L’efficienza fisica si definisce come la capacità di svolgere le attività quotidiane secondo diverse intensità, senza affaticamento, e con energia sufficiente per godersi il tempo libero e affrontare emergenze impreviste, si distingue tra efficienza fisica correlata alla salute, che include componenti come la forza muscolare, l’efficienza cardiorespiratoria, la mobilità articolare e l’indice di massa corporea, e l’efficienza fisica correlata alle abilità, cioè fattori orinati più alla prestazione, che coinvolge aspetti come agilità, equilibrio, coordinazione, velocità, potenza e tempo di reazione (Caspersen, 1985). Come già evidenziato, la partecipazione sportiva non si limita ai benefici fisici, ma migliora anche i domini cognitivi e affettivi, potenziando fattori come autopercezione e motivazione, inoltre, una pratica costante dell’attività fisica contribuisce a una migliore percezione della qualità della vita (Basterfield et al., 2022), apprezzabile in ambiti come la scuola, lo sport e il tempo libero.

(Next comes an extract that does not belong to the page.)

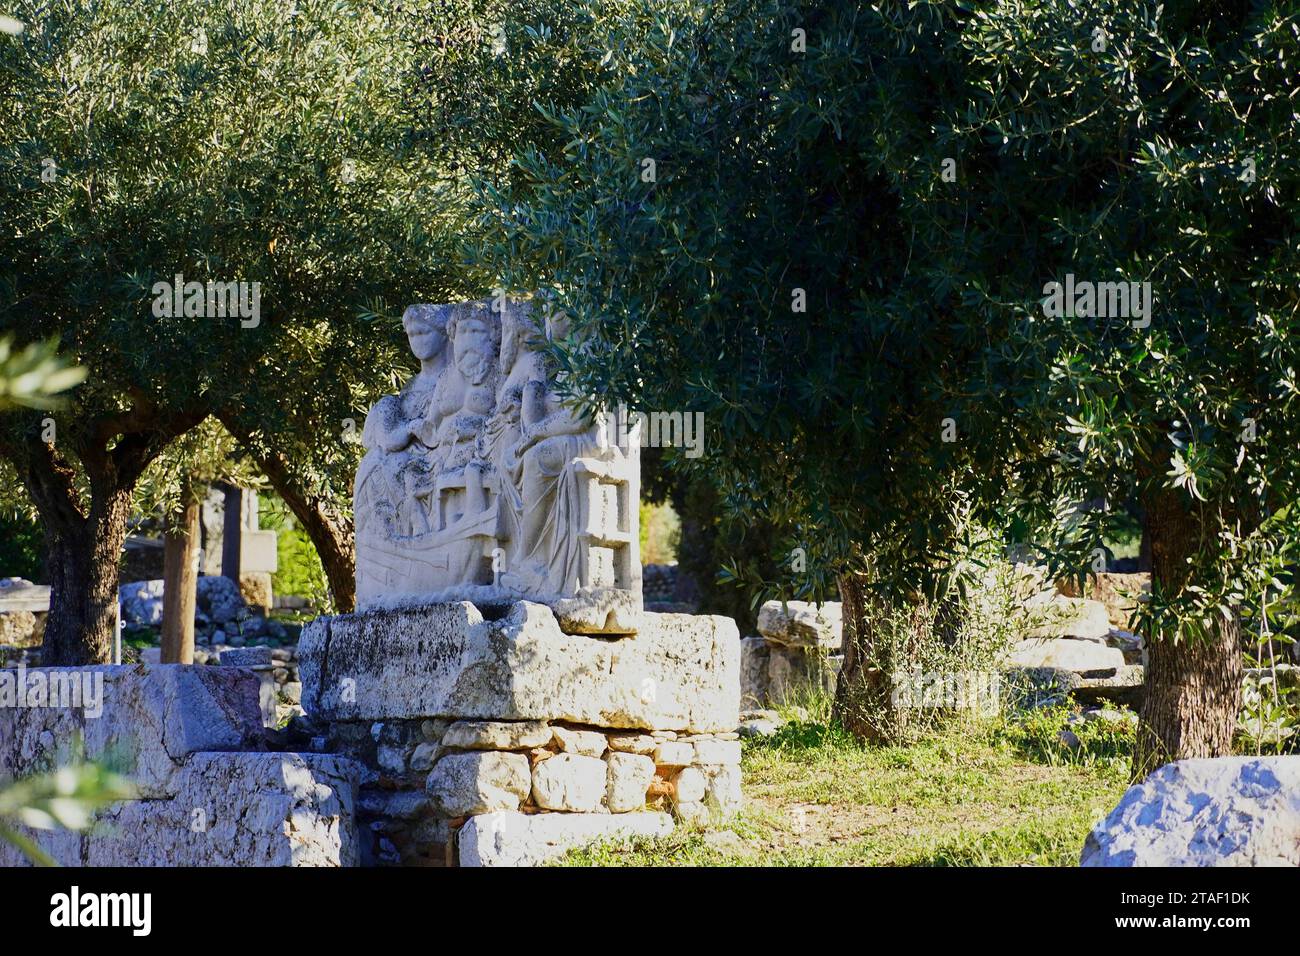 Ruines antiques dans le cimetière de Keramikos. Une sculpture funéraire montrant la personne qui part dans un bateau, et ses proches Banque D'Images

Le associazioni sportive, oltre a proporre nuove diverse opportunità per migliorare le prestazioni fisiche, possono promuovere comportamenti salutari, riducendo i rischi legati ad abitudini dannose come cattiva alimentazione, fumo e alcol, attraverso la creazione di ambienti sani e attivi che valorizzano la persona e le relazioni interpersonali, contribuendo anche a ridurre le disuguaglianze socioculturali (Kelly et al., 2010).
I programmi di prevenzione della sedentarietà e di promozione della salute richiedono interventi inter-istituzionali e multistakeholder, coordinati tra istituzioni e agenzie formative, insieme a investimenti intersettoriali, sistematici e sostenibili, sia dal punto di vista pedagogico che didattico, l’obiettivo dovrebbe essere quello di creare un filo conduttore di interventi basato sulla condivisione di valori, atteggiamenti e prospettive educative, che funge da sfondo integratore per le diverse esperienze e intenzionalità formative.

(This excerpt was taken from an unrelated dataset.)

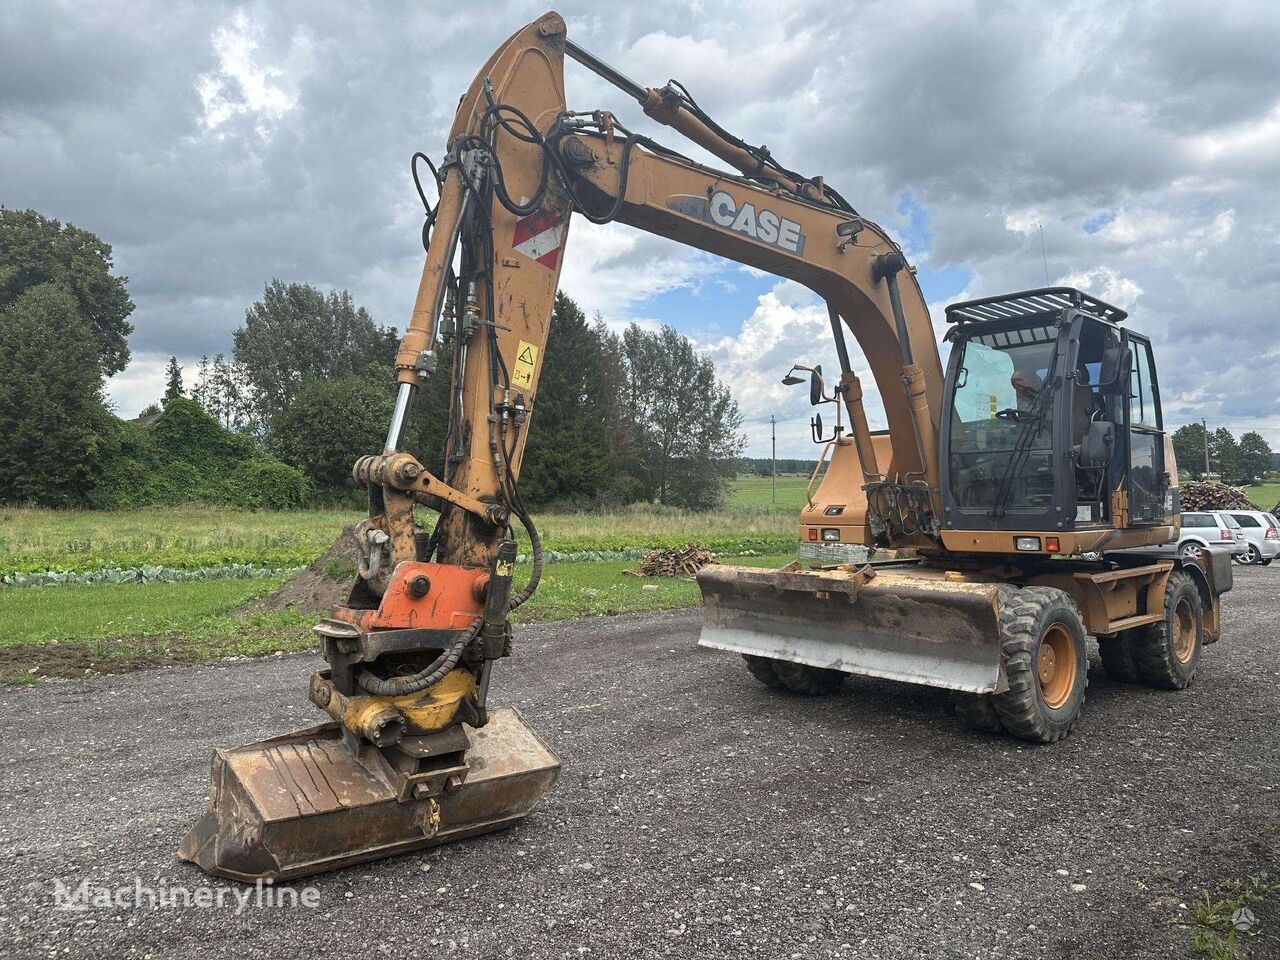 Case WX145 wheel excavator

La pratica delle discipline sportive, sia a scuola che in contesti extracurricolari, indipendentemente dalle differenze di genere o dal livello di competizione agonistica, contribuisce non solo alla crescita fisica degli adolescenti, ma anche, come già sottolineato, al loro sviluppo cognitivo, emotivo e sociale (Barnett et al., 2018), questo avviene soprattutto quando la scelta delle attività e i relativi adattamenti personalizzati sono sostenuti da una solida metodologia d’intervento.
Le associazioni sportive rappresentano quindi un contesto educativo importante, che va oltre la semplice performance sportiva, svolgono un ruolo cruciale nel favorire l’apprendimento e lo sviluppo delle Life Skills, le quali devono essere insegnate e apprese durante l’età evolutiva, le principali competenze cognitive, sociali e comportamentali sono strettamente legate allo sviluppo delle competenze di cittadinanza e rappresentano un punto di collegamento tra i diversi contesti educativi, che condividono pratiche motorie e sportive, esse fanno parte di un programma di educazione continua che riorienta lo sport e l’educazione attraverso i valori che sottendono tali pratiche.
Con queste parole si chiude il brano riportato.